As a child playing the mediator for two warring parents I love with every fiber of my being, I came away with the belief that friendship was the ultimate thing one could possibly strive for in a marriage.
As an adult in a failing relationship for the first time, I came away with the conviction that I would never be anyone's girlfriend if there was no friendship first. This, plus a validation of my general belief about people, that their actions are far more reliable than words.
To my good fortune, these two lessons have served me well. I've sidestepped a lot of heart ache, and walked friends through hard times when I could see what was coming.
I did end up marrying a man who loves me completely, as a friend and as his girl. And as much as we've grown and diverged in our personalities over the years, it's ultimately been loyalty to our friendship that has kept it all alive. In our decade together, he's watched me grow up, be more certain of myself, learn to better pursue my dreams, figure out my preferences... even if at times those preferences took me away from him for a while.
I don't know what it was about this year that made me take a long hard look at where I personally was headed in life. Maybe it was the conversations with friends who'd walked away from marriages, sometimes for careers, sometimes for other reasons. But there were also conversations with my single friends, too, and they reminded me that singlehood was not a piece of cake, either. As much as I enjoy solitude, it wasn't that long ago that I had once wished I could share my thoughts and experiences with someone. Consistently present friends can be hard to come by, but a spouse is built-in.

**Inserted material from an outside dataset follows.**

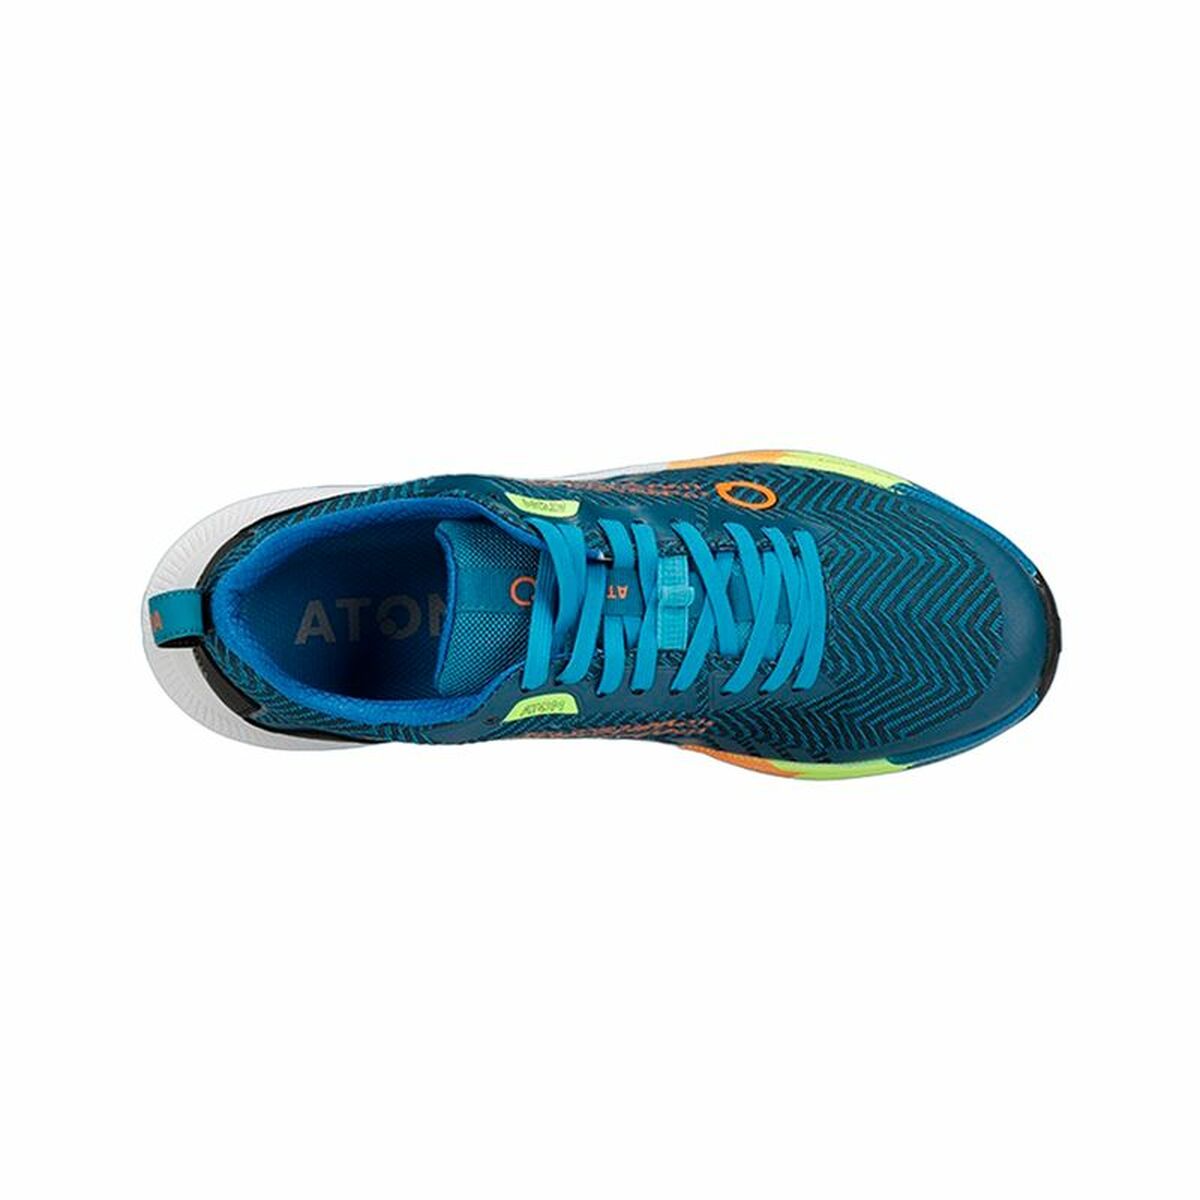 Chaussures de Sport pour Homme Atom AT121 Terra Technology Bleu

And on a leisurely night drive, my husband and I talked about our marriage and the future of us. (To his credit, he's been ever openhearted and honest, even in the face of criticisms that I'm sure were unpleasant to hear.) He said he'd heard from many long-lived relationships that the best is yet to come, if we could just make it past our current conflicts. When we've figured out the hurdles in our relationship, so that we feel mutually supported and happy instead of settled but unsatisfied, we will only have reached the beginning of this journey of intimacy.
I can't really fathom right now what it would be like to get there. But here I am, next to my best friend, the luckiest girl in the world to have a good man who loves every fiber of my being, who's made my happiness his everything, and who is willing to do whatever he can for us to get to those golden years. I would be an idiot to not acknowledge what he's been and what he still is to me.